OBP is likely to be desirable for some, but not all, new medicines

OBP could be desirable where a more traditional payment approach cannot be agreed upon between NHS England and the manufacturer of the medicine, but where there is the potential of it being proven sufficiently beneficial to justify reimbursement.

Cancer patients’ views show they prioritise survival but also other outcomes

Survival and the avoidance of relapse or disease progression are objective outcomes that are possible to measure for use in OBP schemes. Other outcomes were considered important by patients too, such as avoiding unpleasant side-effects and being able to return to normal activities.

Collecting outcomes data is a challenge that can be overcome

Objectivity of outcome measures and simplicity of operation are important for OBP schemes. Collecting data to measure outcomes other than survival entails staff time and hence cost. However, such data challenges and costs are surmountable when the benefit for doing so is big enough. The higher the potential value of the medicine and the greater the uncertainty about its outcome, the more attractive OBP becomes.

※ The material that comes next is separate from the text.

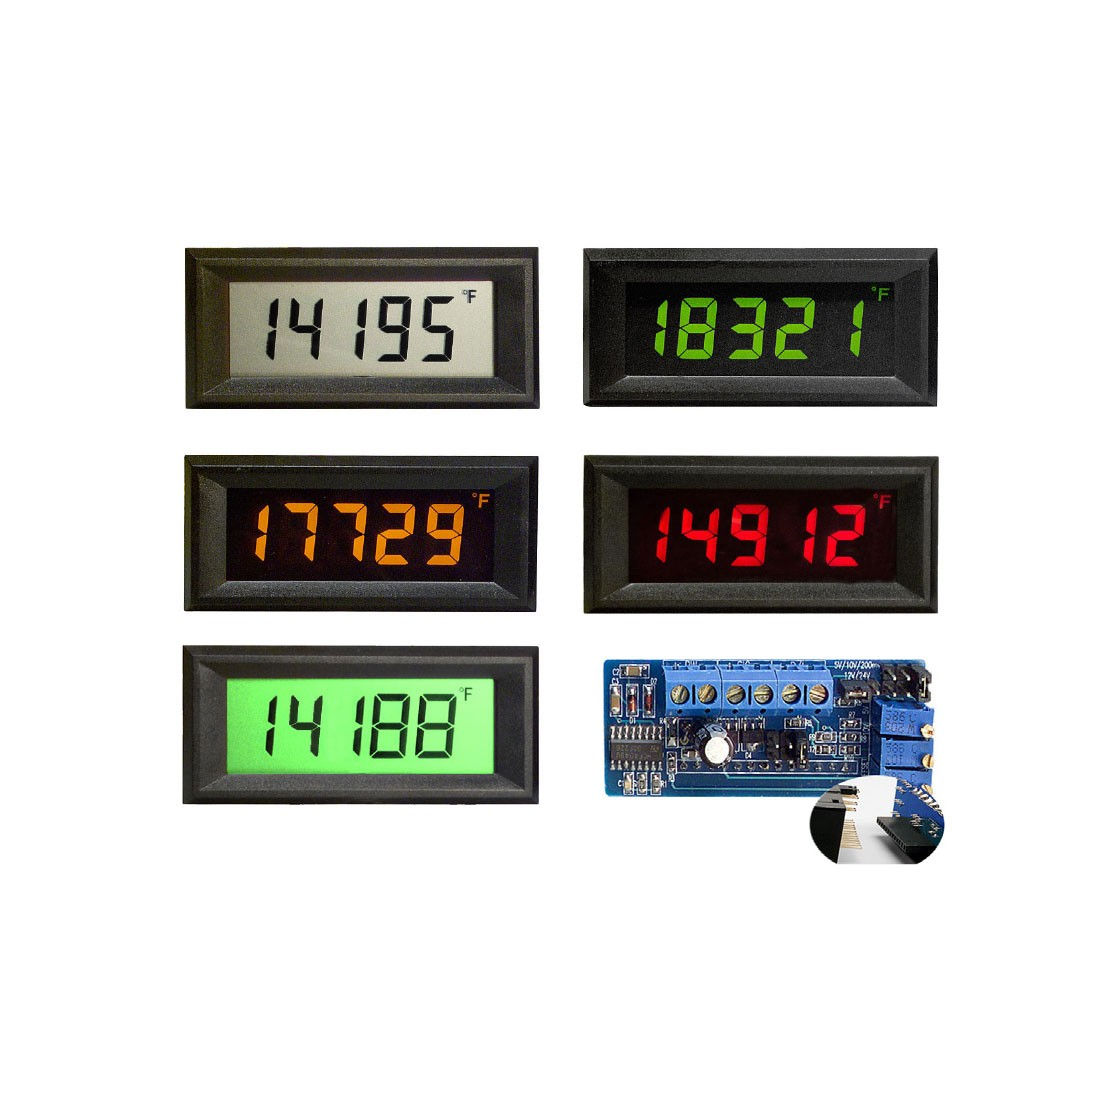 HVPI-4E Series Voltage Powered LCD Digital Panel Meter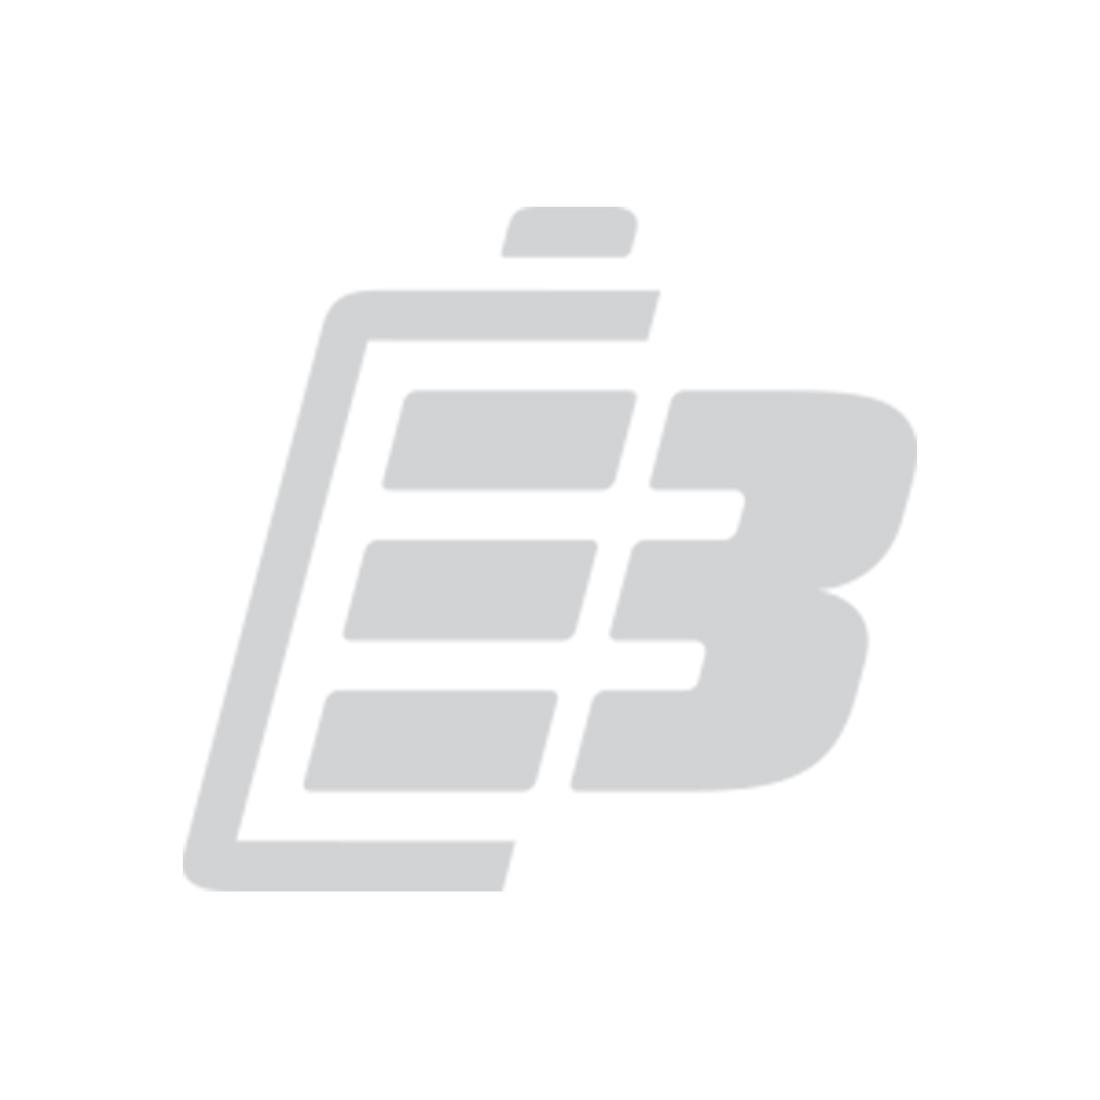 Cordless phone battery Avaya 3631_1

  • Stakeholders should continue to explore the use of OBP schemes, with the aim of facilitating patient access to cancer medicines in cases where a simple discount on the medicine’s list price cannot be agreed on a timely basis. Conversations should be taken forward on a joint basis, through forums and initiatives such as the Accelerated Access Collaborative.
  • Stakeholders should work together to horizon scan medicines nearing regulatory submission that may be suitable for OBP. These would likely be medicines with high potential benefit to patients, as well as a small sized patient population, immature clinical trials data and a disease profile that allows measurable outcomes in the short term.
  • For future OBP schemes between NHS purchasers of cancer medicines and manufacturers, specific metrics should be included to measure the drug’s effects on patients. We recommend four types of outcome measures as standard: survival; disease progression, relapse or recurrence; long-term side effects; and return to normal activities.
  • Future research into the use of OBP in the NHS should investigate with NHS staff the practicalities of collecting data for an OBP scheme, based on exemplar medicines and for measures of the four outcome types mentioned earlier.